• _What is being asked_:
Copy exactly. Include the line containing "Новий дизайне етикетки", every line after it, and the last line below, but no pictures.

• _Input data_:
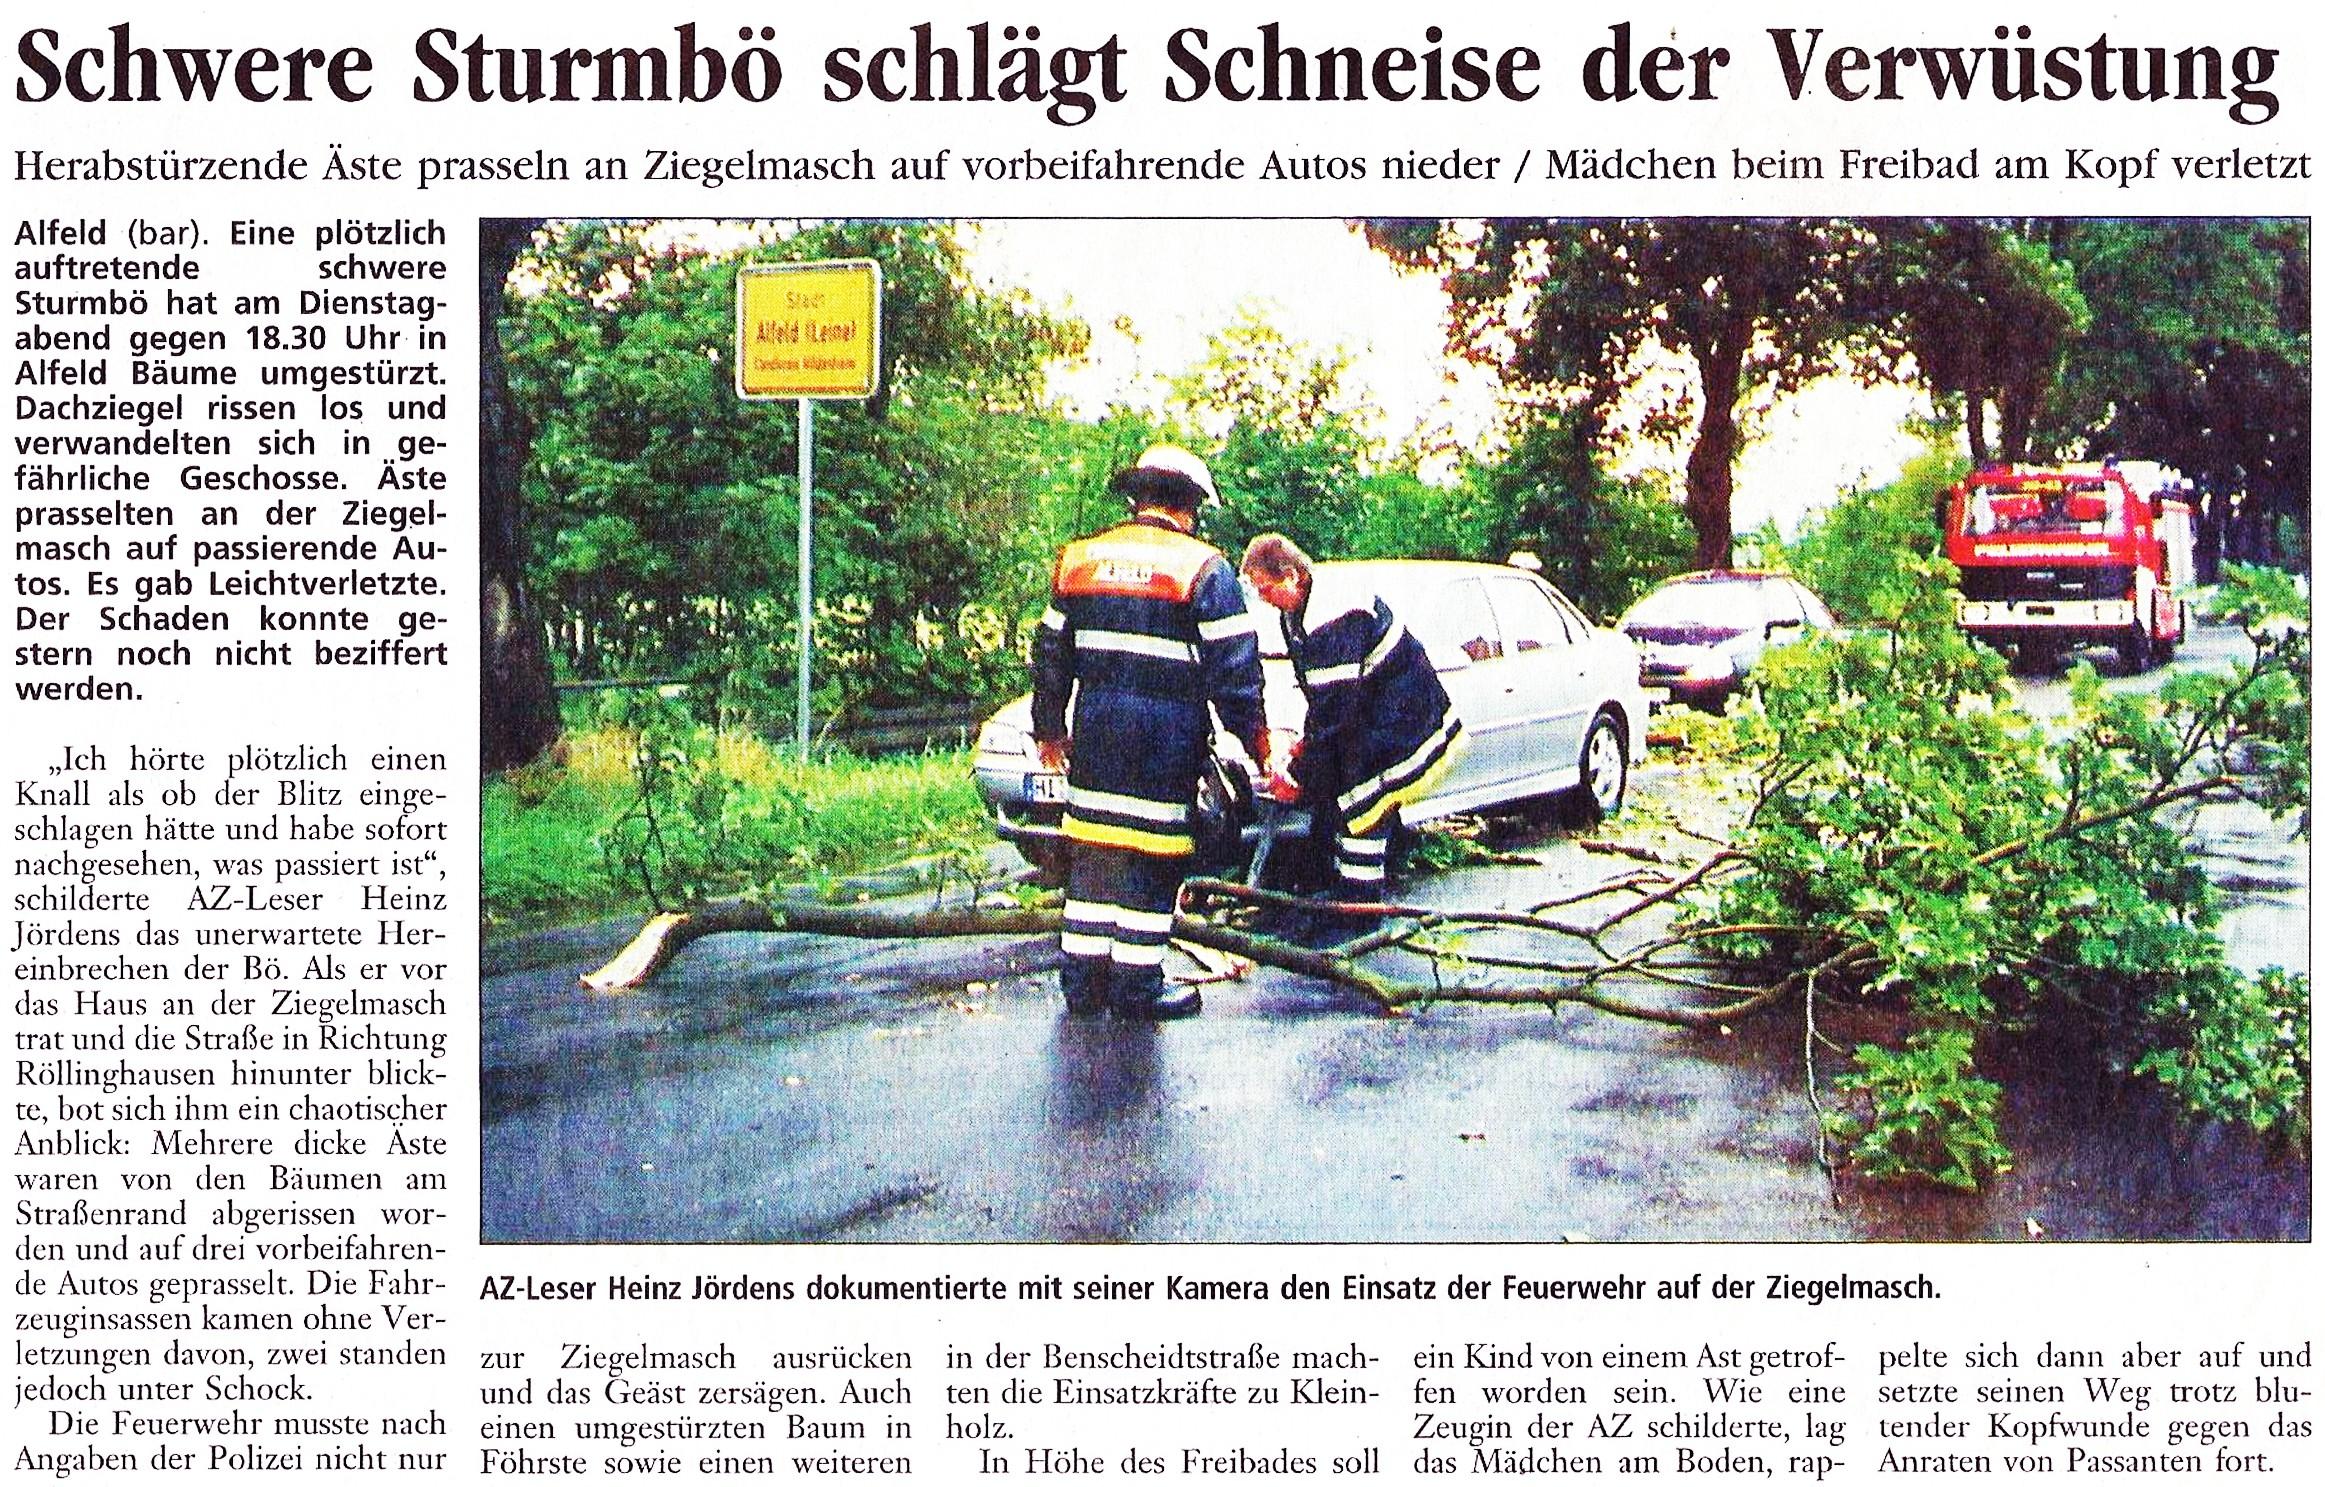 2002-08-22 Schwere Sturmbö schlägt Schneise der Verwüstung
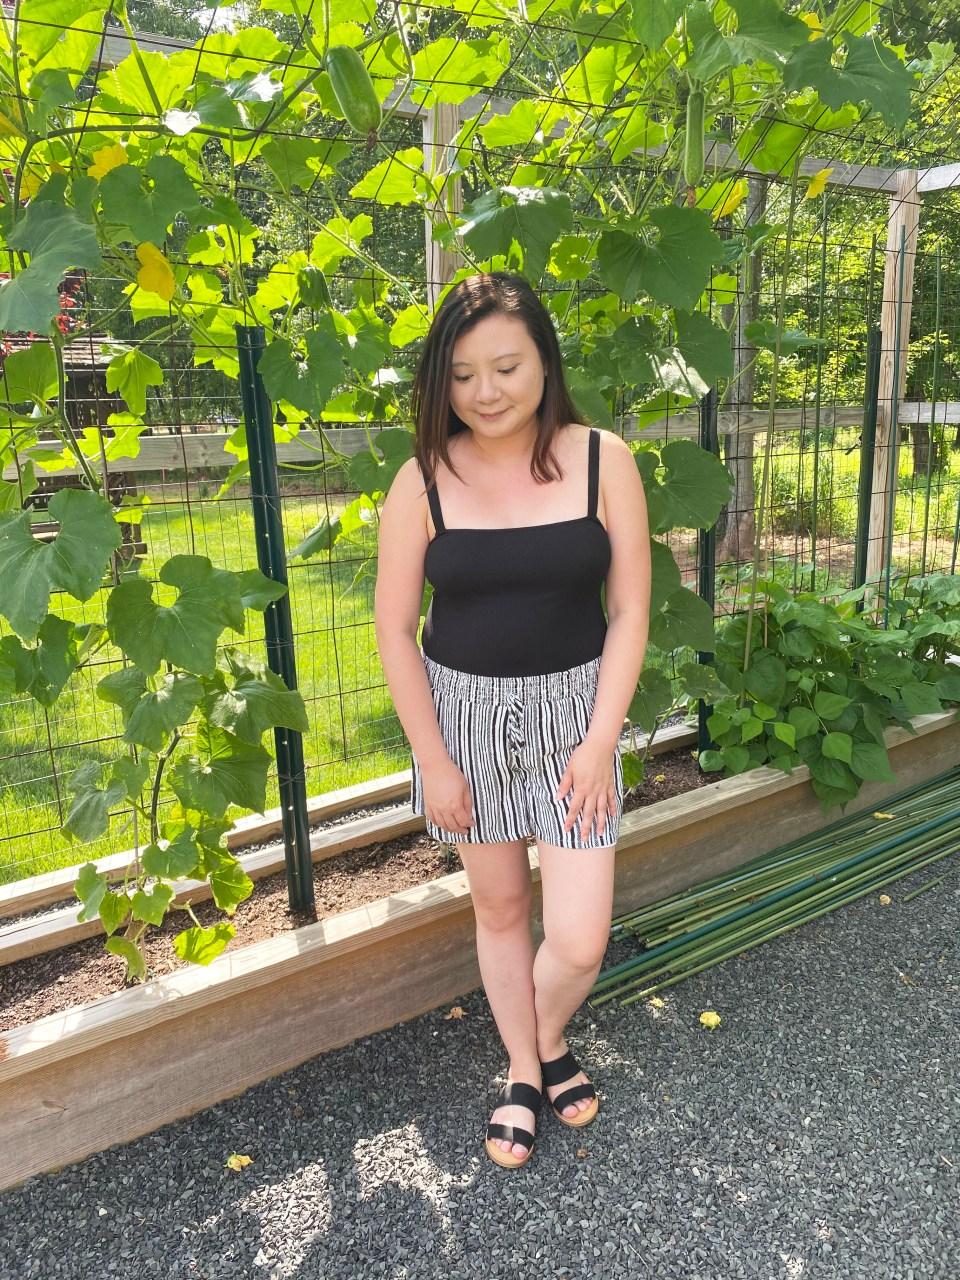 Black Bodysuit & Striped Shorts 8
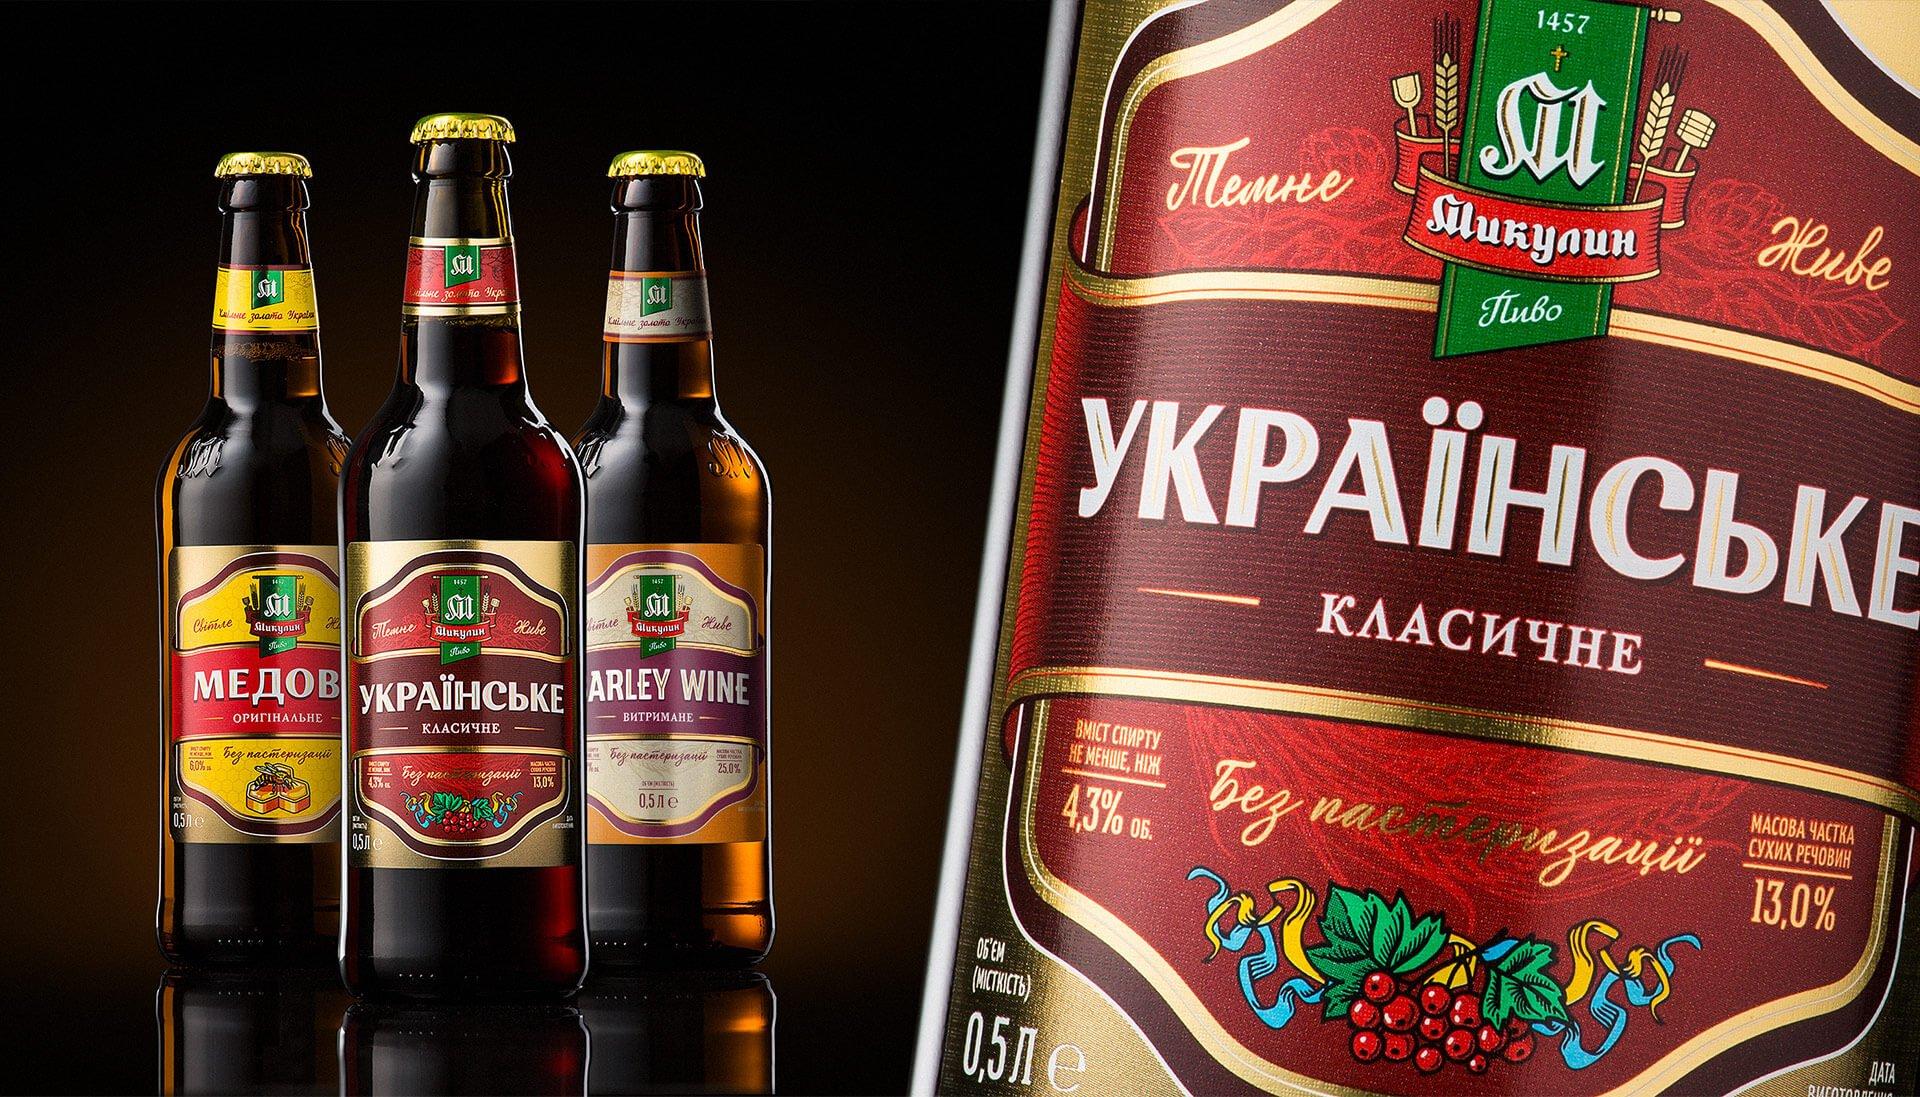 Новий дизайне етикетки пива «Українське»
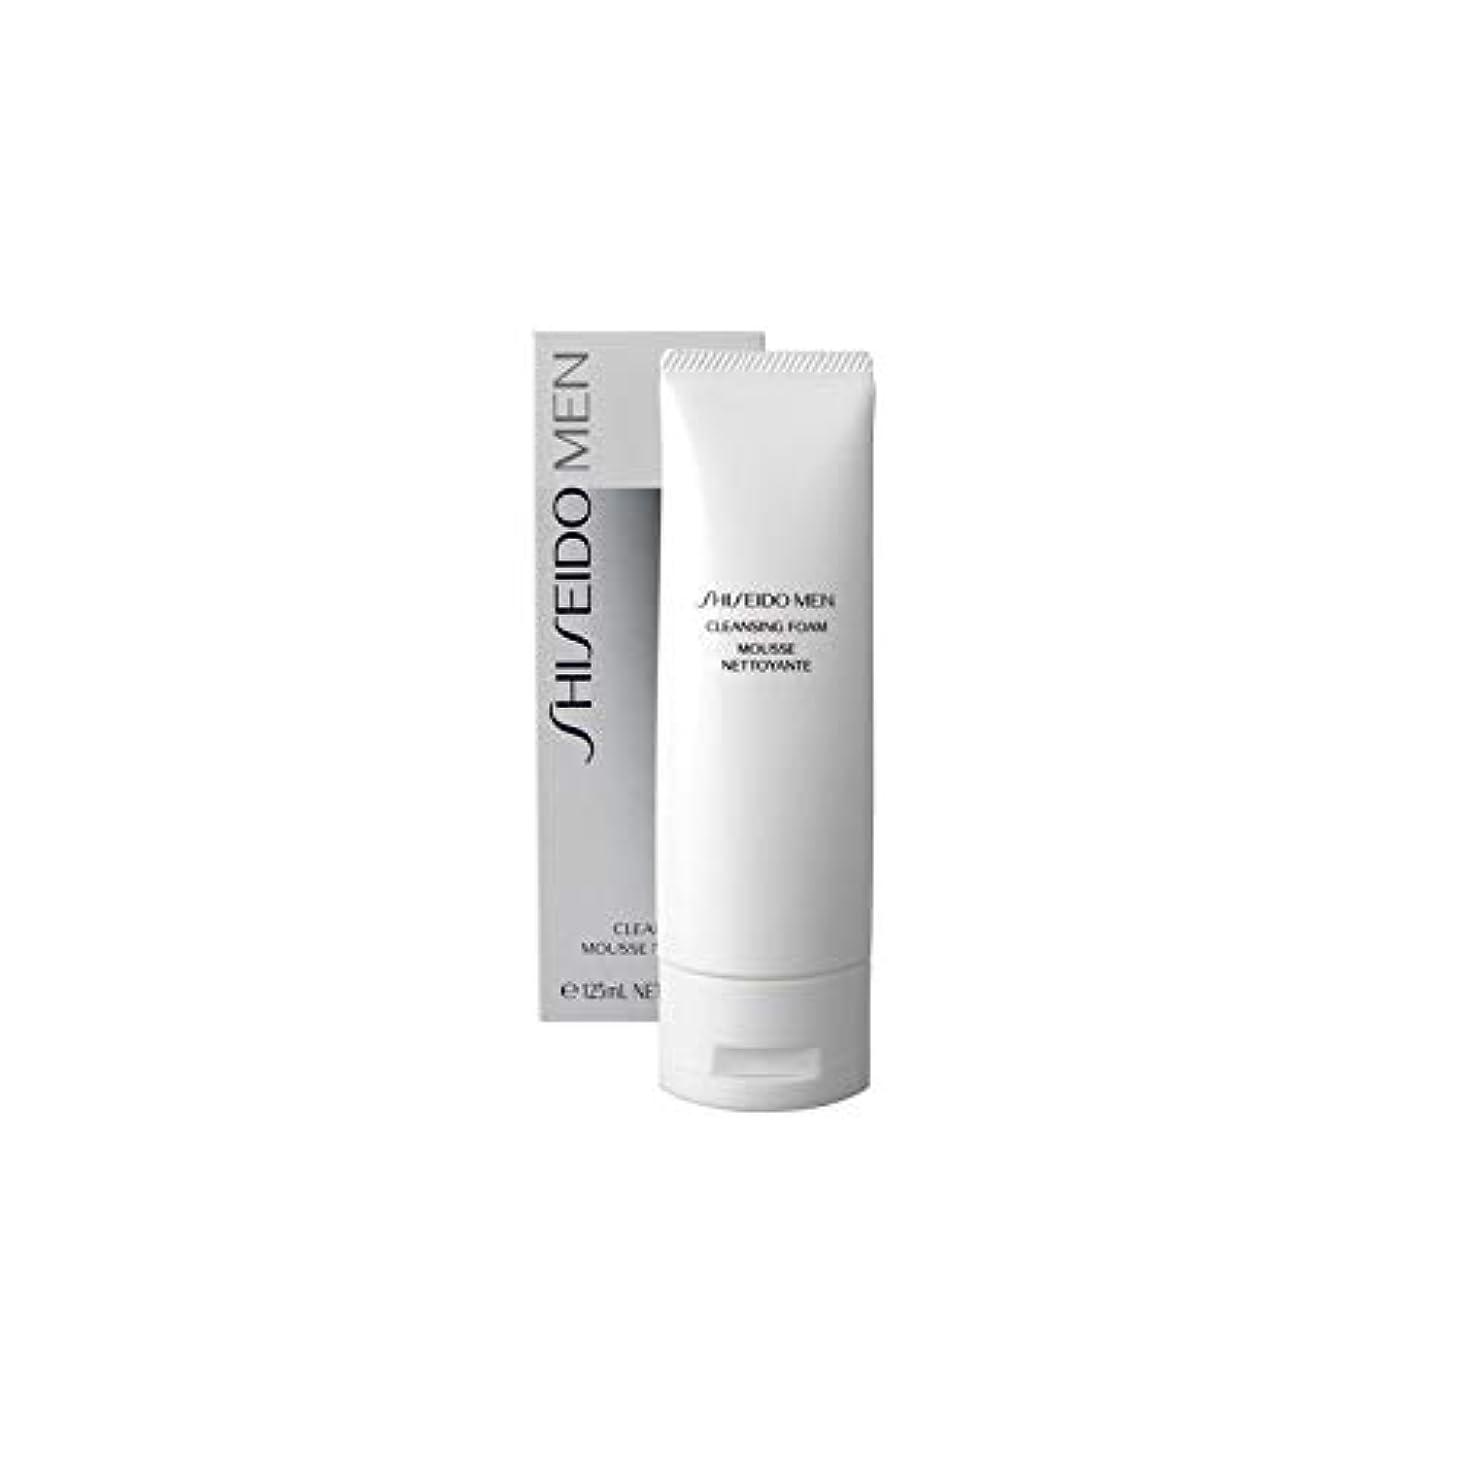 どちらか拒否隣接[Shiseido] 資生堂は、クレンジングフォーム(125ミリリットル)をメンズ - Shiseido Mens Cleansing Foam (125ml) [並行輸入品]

• _Completed task_:
 Новий дизайне етикетки пива «Українське»
 どちらか拒否隣接[Shiseido] 資生堂は、クレンジングフォーム(125ミリリットル)をメンズ - Shiseido Mens Cleansing Foam (125ml) [並行輸入品]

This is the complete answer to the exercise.